Dataset excerpt:
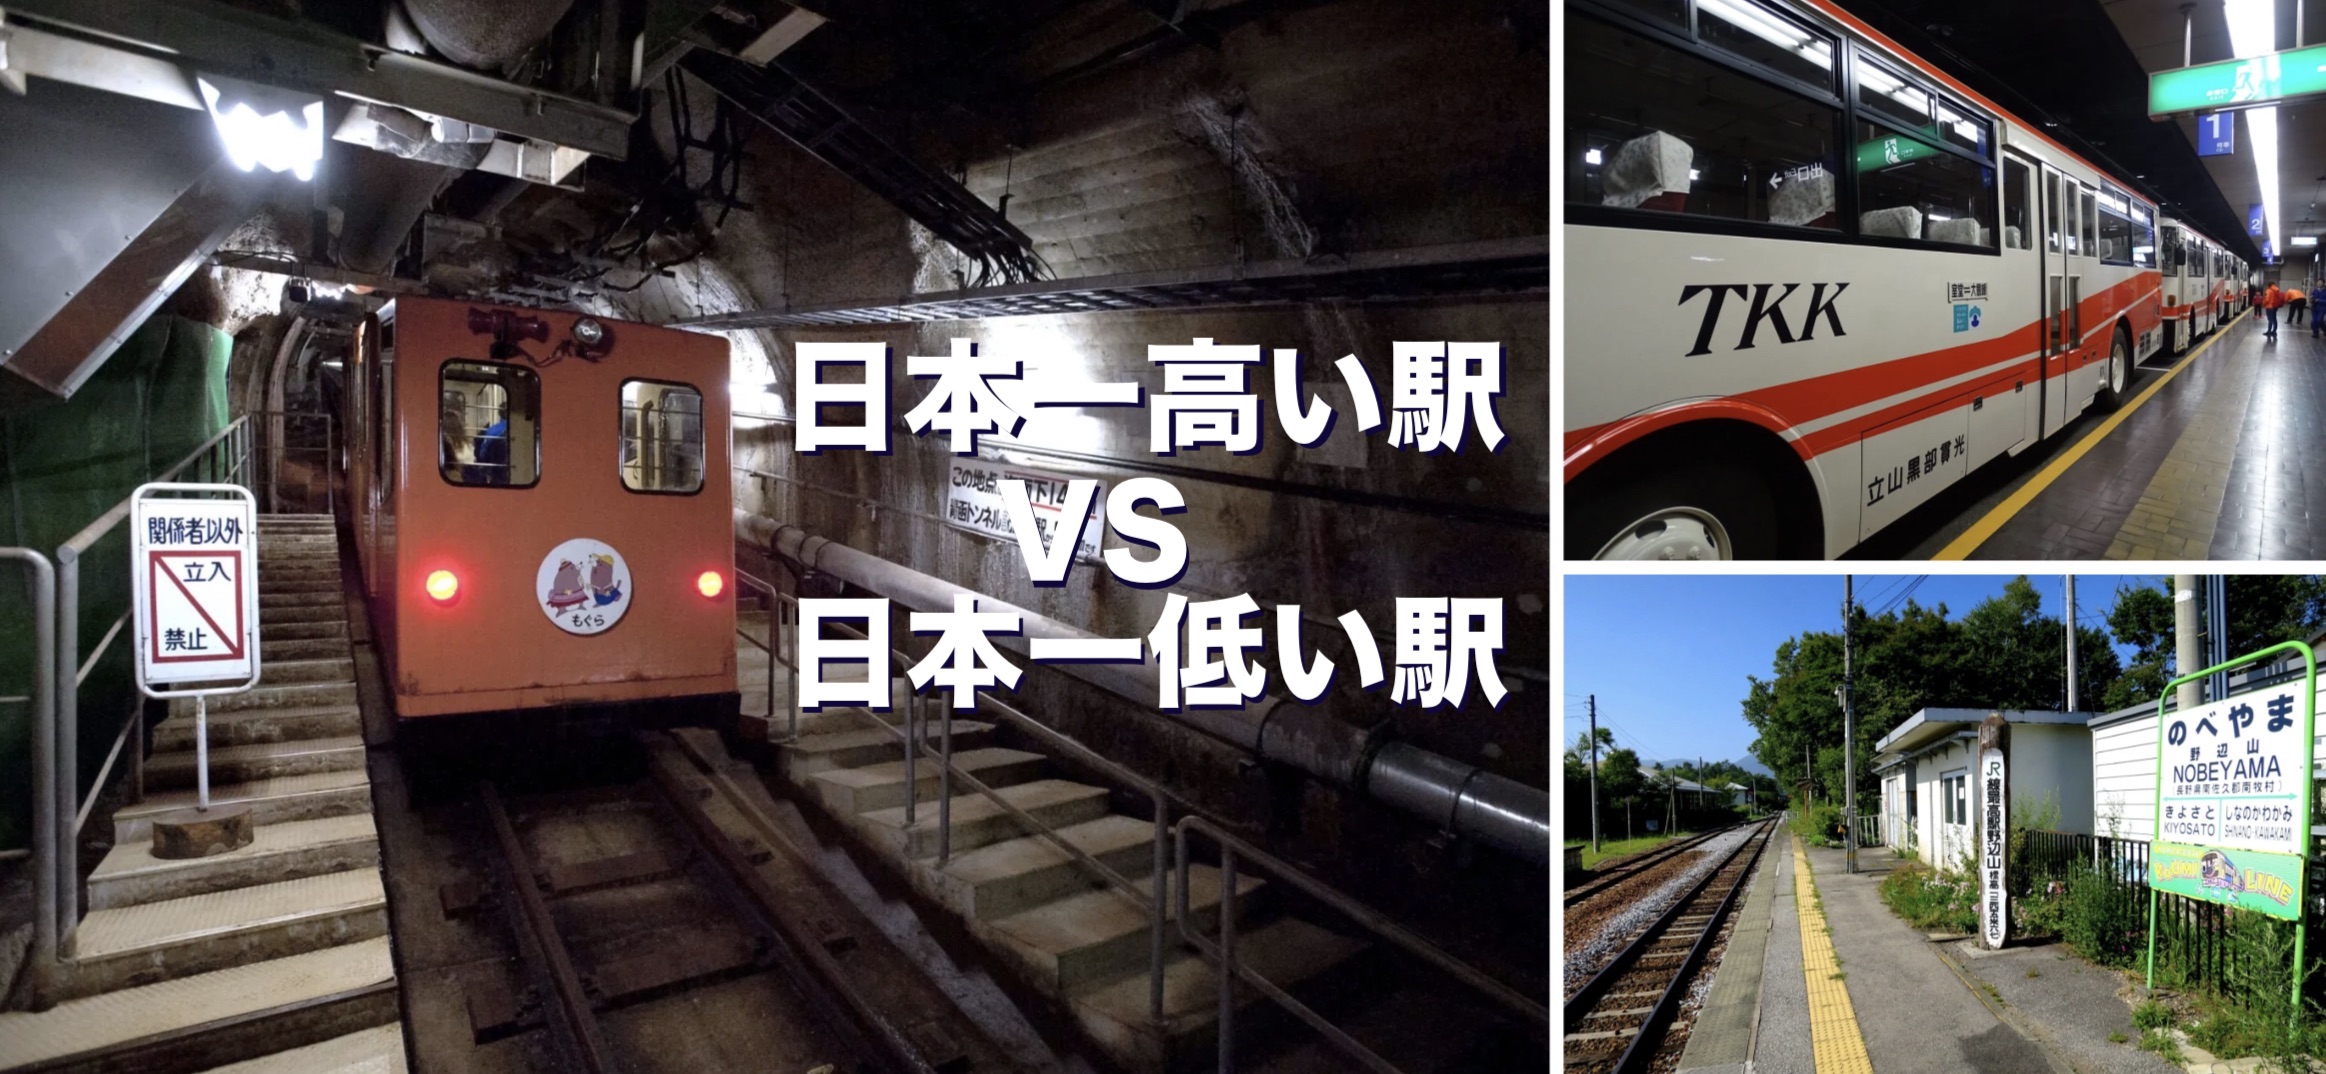 日本一高い駅 VS 日本一低い駅
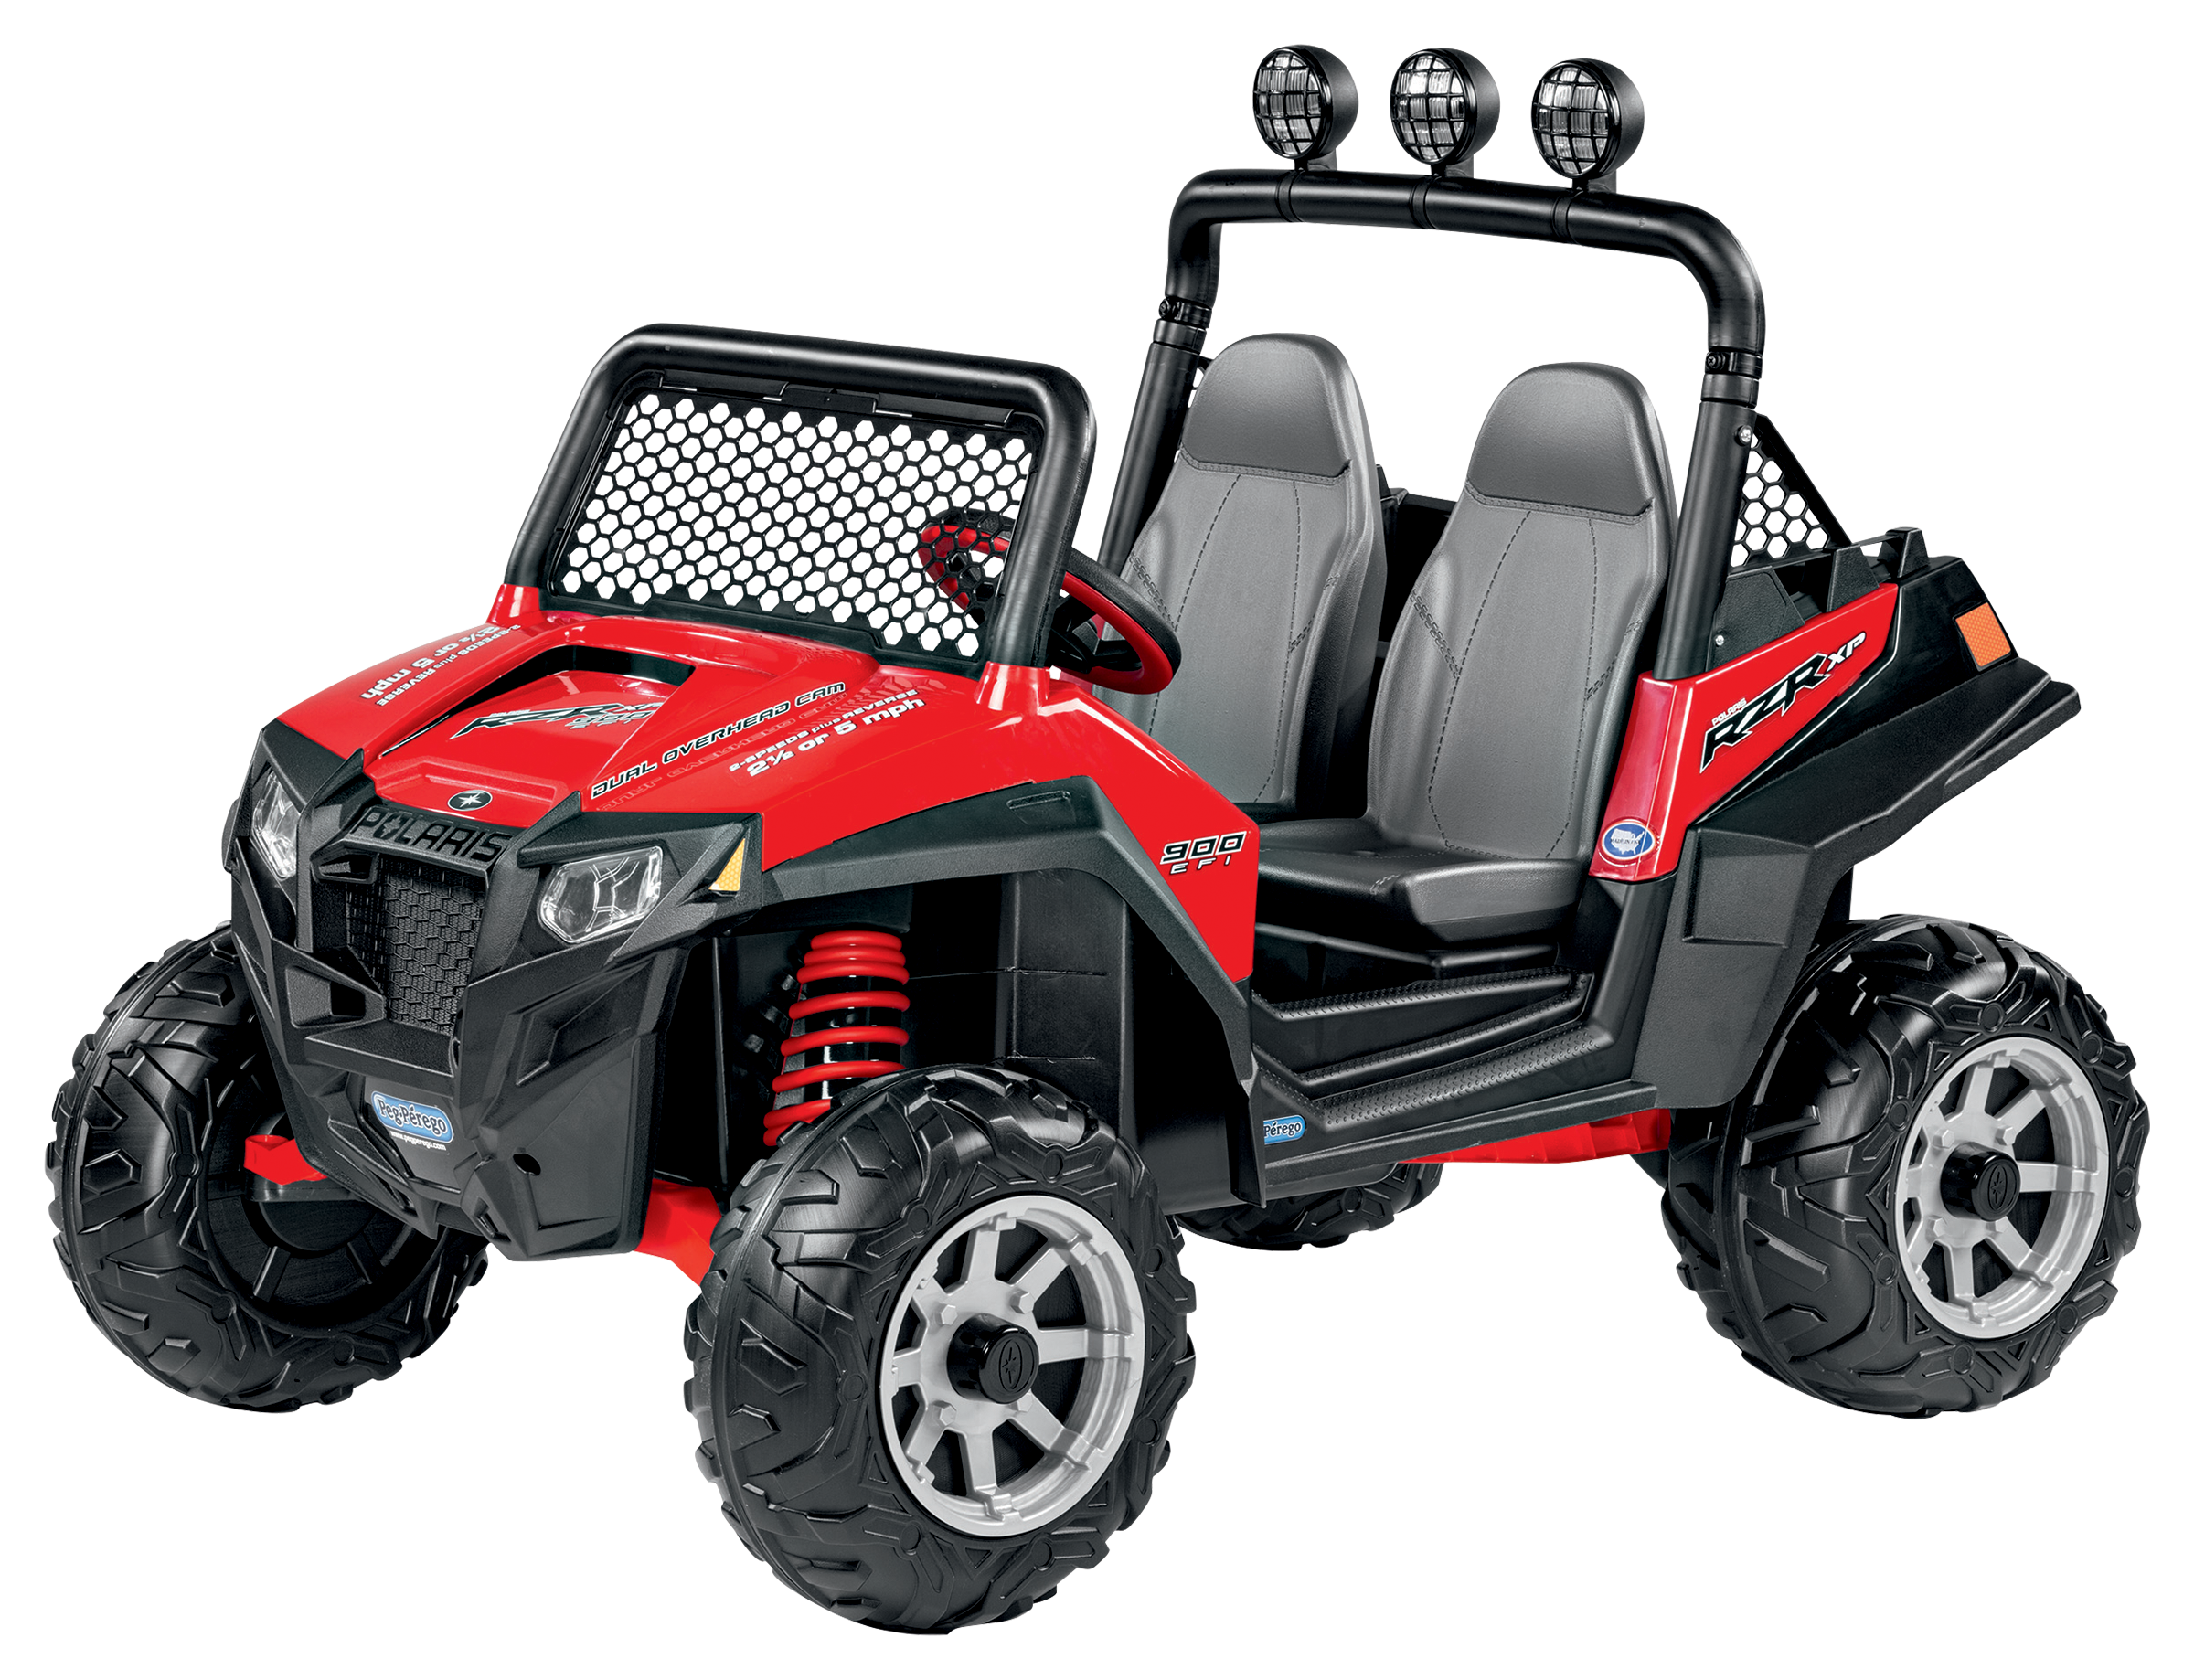 Peg-Perego Polaris RZR 900 ATV for Kids
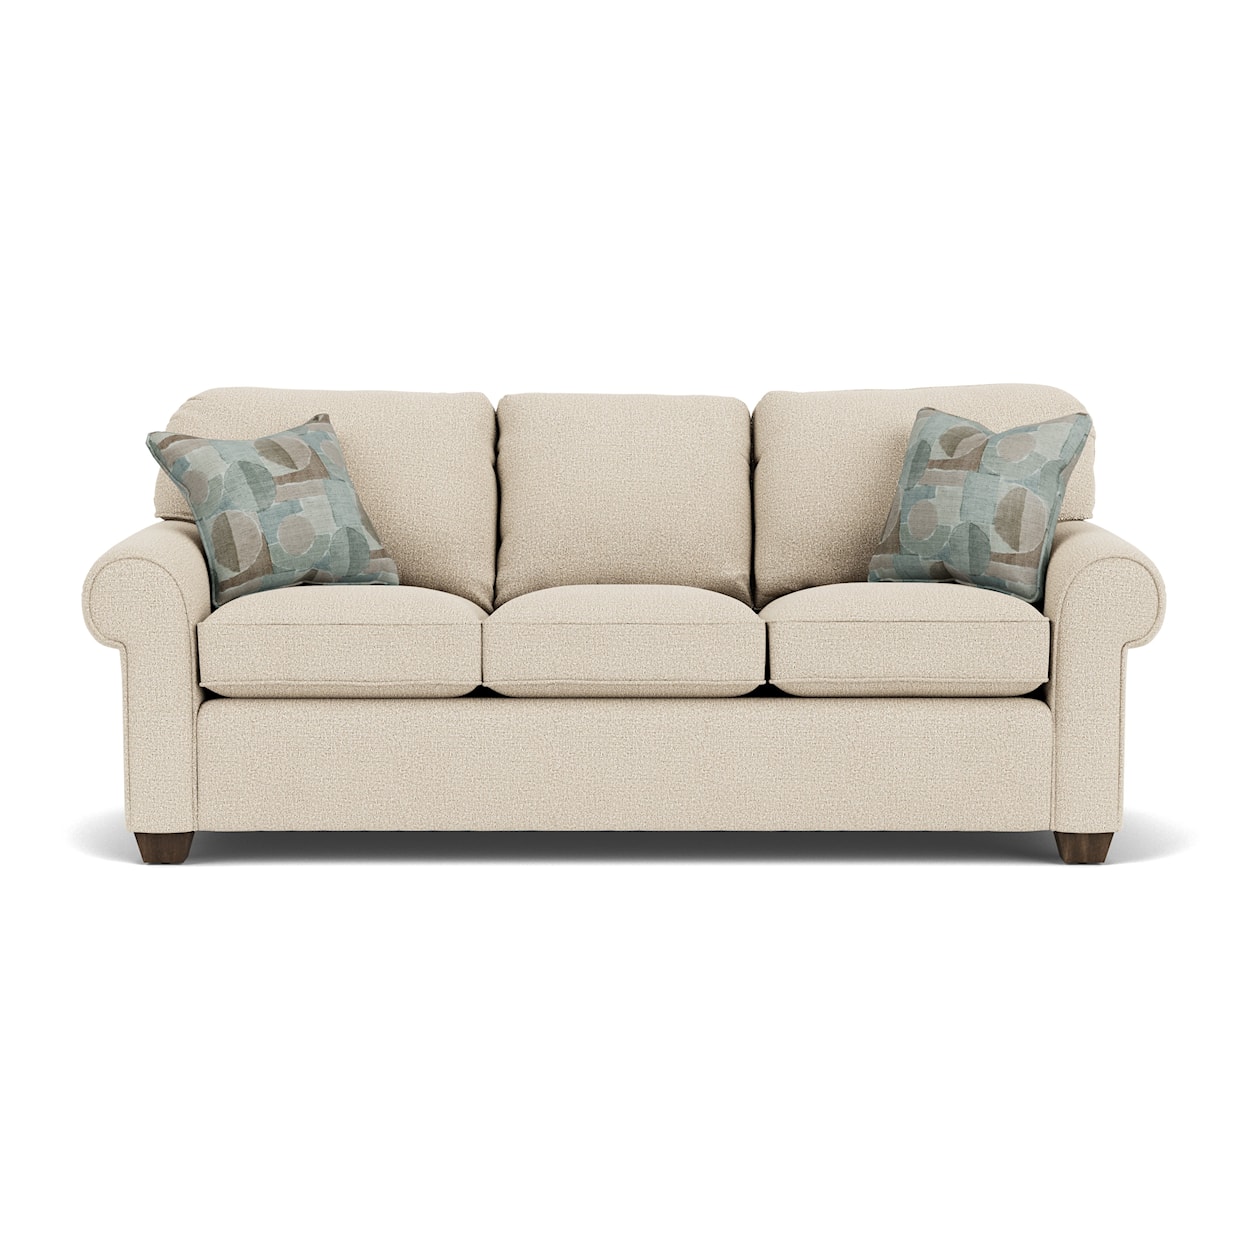 Flexsteel Thornton 5535 Queen Sleeper Sofa
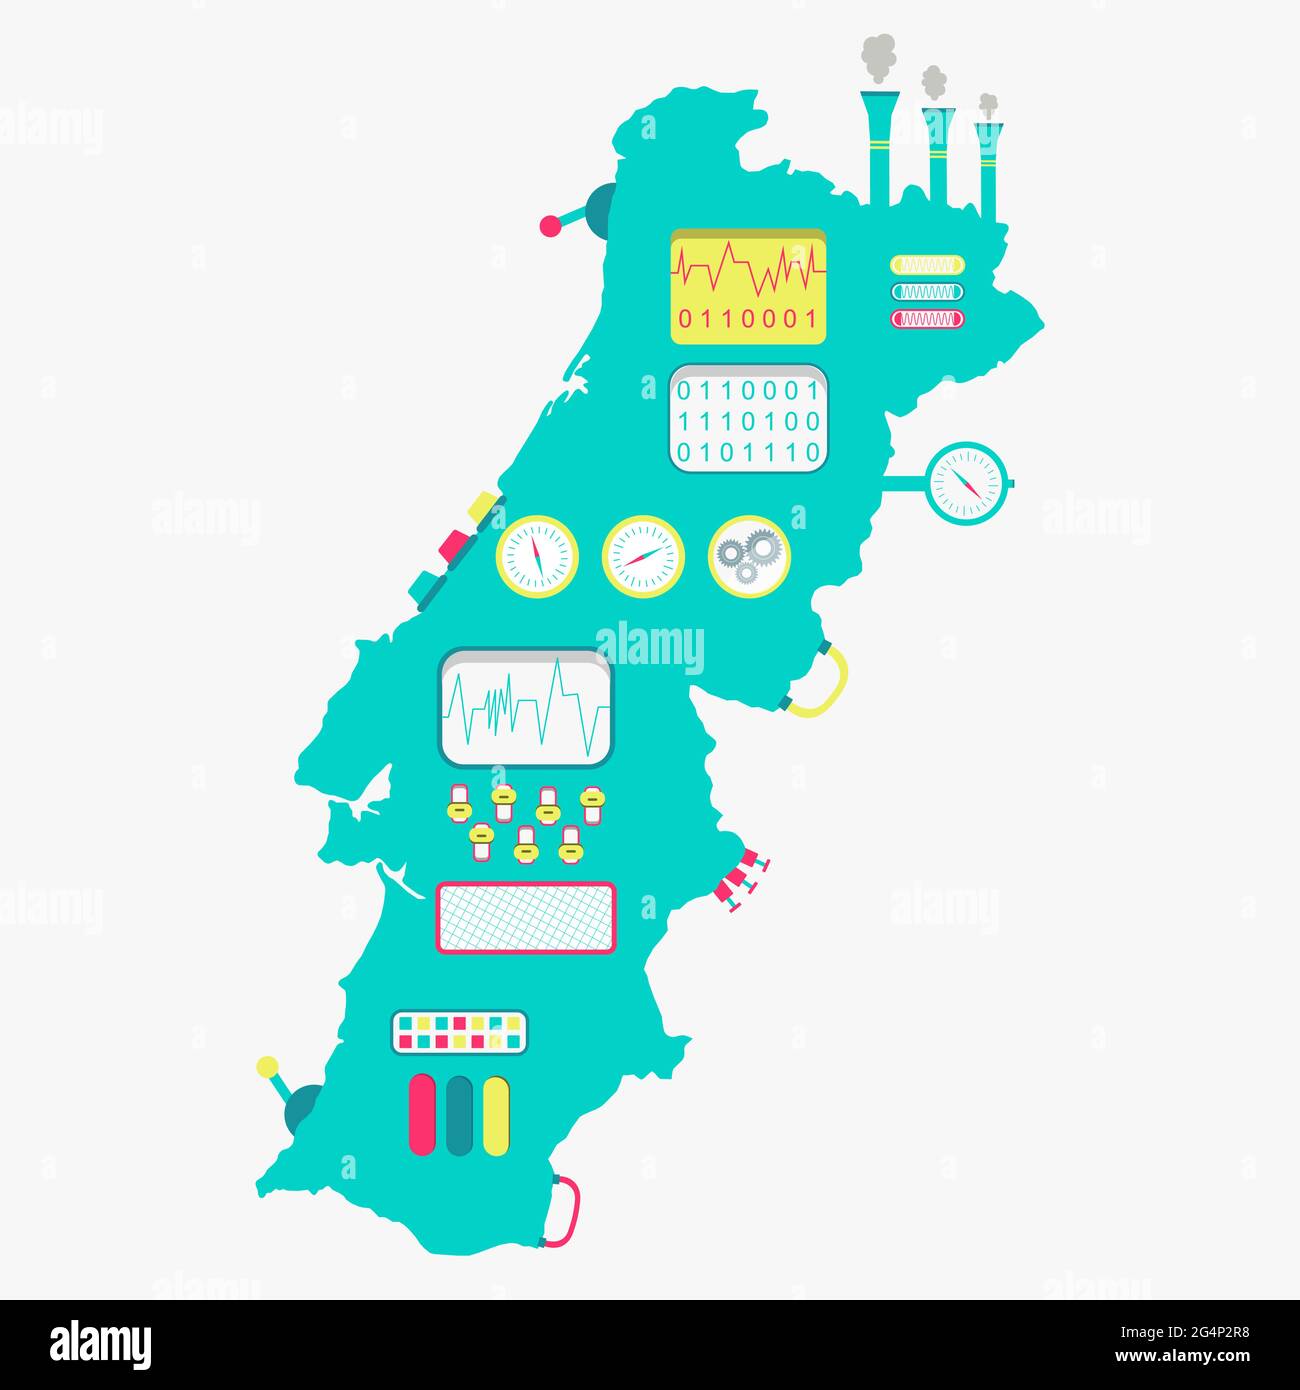 Karte von Portugal wie eine niedliche Maschine mit Knöpfen, Tafeln und Hebeln. Isoliert. Weißer Hintergrund. Stock Vektor

Task item: Each line of the data above must be reproduced as written. Skip the pictures.

Response to the task:
 日本一高い駅 VS 日本一低い駅
 Peg-Perego Polaris RZR 900 ATV for Kids
 Flexsteel Thornton 5535 Queen Sleeper Sofa
 Karte von Portugal wie eine niedliche Maschine mit Knöpfen, Tafeln und Hebeln. Isoliert. Weißer Hintergrund. Stock Vektor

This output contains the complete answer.